The great train robbery 1903


The Great Train Robbery is a 1903 American silent short Western film written, produced, and directed by Edwin S. Porter, a former Edison Studios cameraman. Actors in the movie included Alfred C. Abadie, Broncho Billy Anderson and Justus D. Barnes, although there were no credits. Though a Western, it was filmed in Milltown, New Jersey. The film was inspired by Scott Marble's 1896 stage play.

Contents

The Great Train Robbery (1903 film) movie scenes

At twelve minutes long, The Great Train Robbery film is considered a milestone in film making, expanding on Porter's previous work Life of an American Fireman. The film used a number of then-unconventional techniques, including composite editing, on-location shooting, and frequent camera movement. The film is one of the earliest to use the technique of cross cutting, in which two scenes are shown to be occurring simultaneously but in different locations. Some prints were also hand colored in certain scenes. Techniques used in The Great Train Robbery were inspired by those used in Frank Mottershaw's British film A Daring Daylight Burglary, released earlier in the year. Film historians now largely consider The Great Train Robbery to be the first American action film and the first Western film with a "recognizable form".

In 1990, The Great Train Robbery was selected for preservation in the United States National Film Registry by the Library of Congress as being "culturally, historically, or aesthetically significant".

The great train robbery


Plot

The film opens with two bandits breaking into a railroad telegraph office, where they force the operator at gunpoint to have a train stopped and to transmit orders for the engineer to fill the locomotive's tender at the station's water tank. They then knock the operator out and tie him up. As the train stops it is boarded by the bandits‍—‌now four. Two bandits enter an express car, kill a messenger and open a box of valuables with dynamite; the others kill the fireman and force the engineer to halt the train and disconnect the locomotive. The bandits then force the passengers off the train and rifle them for their belongings. One passenger tries to escape but is instantly shot down. Carrying their loot, the bandits escape in the locomotive, later stopping in a valley where their horses had been left.
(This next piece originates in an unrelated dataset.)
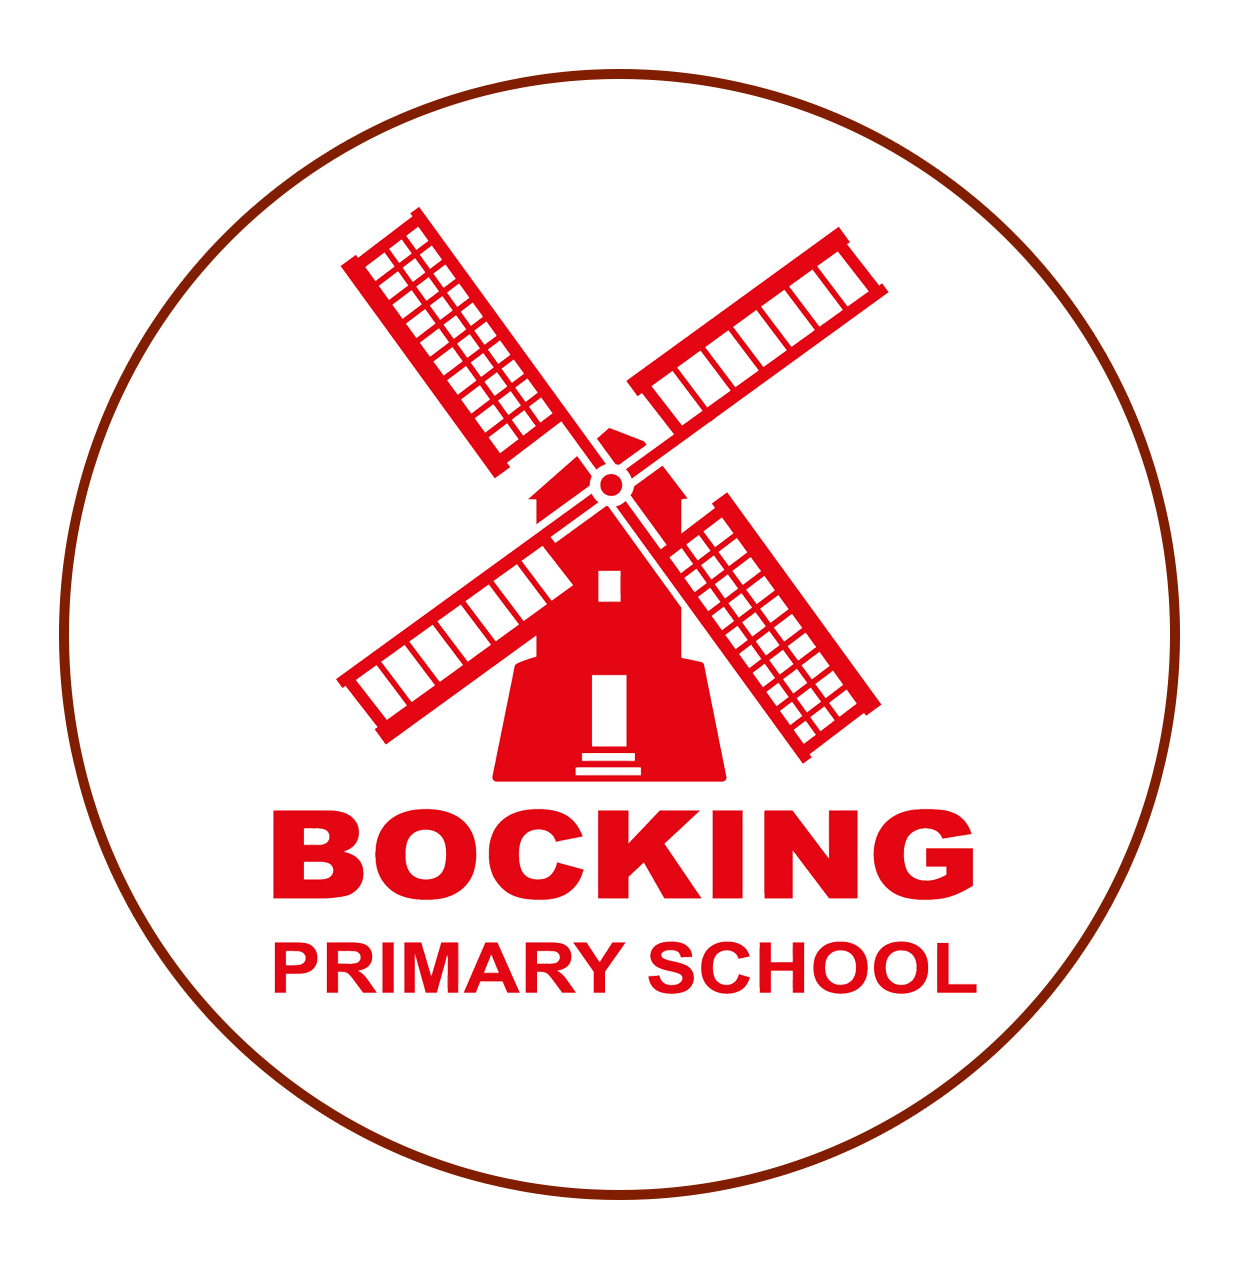 Bocking Primary School

Meanwhile, back in the telegraph office, the bound operator awakens, but he collapses again. His daughter arrives bringing him his meal and cuts him free, and restores him to consciousness by dousing him with water.

There is some comic relief at a dance hall, where an Eastern stranger is forced to dance while the locals fire at his feet. The door suddenly opens and the telegraph operator rushes in to tell them of the robbery. The men quickly form a posse, which overtakes the bandits, and in a final shootout kills them all and recovers the stolen mail.

Final shot

An additional scene of the film is a close-up of the leader of the bandits, played by Justus D. Barnes, who empties his pistol point-blank into the camera. Although it is usually placed at the end, Porter stated that the scene could also appear at the beginning of the film.

In the 1990 film Goodfellas, the final shot of Tommy shooting at the camera was based on the shot from this film.

Release and reception

The Great Train Robbery had its official debut at Huber's Museum in New York City before being exhibited at eleven theaters elsewhere in the city. In advertising for the film, Edison agents touted the film as "...absolutely the superior of any moving picture ever made" as well as a "...faithful imitation of the genuine 'Hold Ups' made famous by various outlaw bands in the far West..."

The film's budget was an estimated $150. Upon its release, The Great Train Robbery became a massive success and is considered one of the first Western films. It is also considered one of the first blockbusters and was one of the most popular films of the silent era until the release of The Birth of a Nation in 1915.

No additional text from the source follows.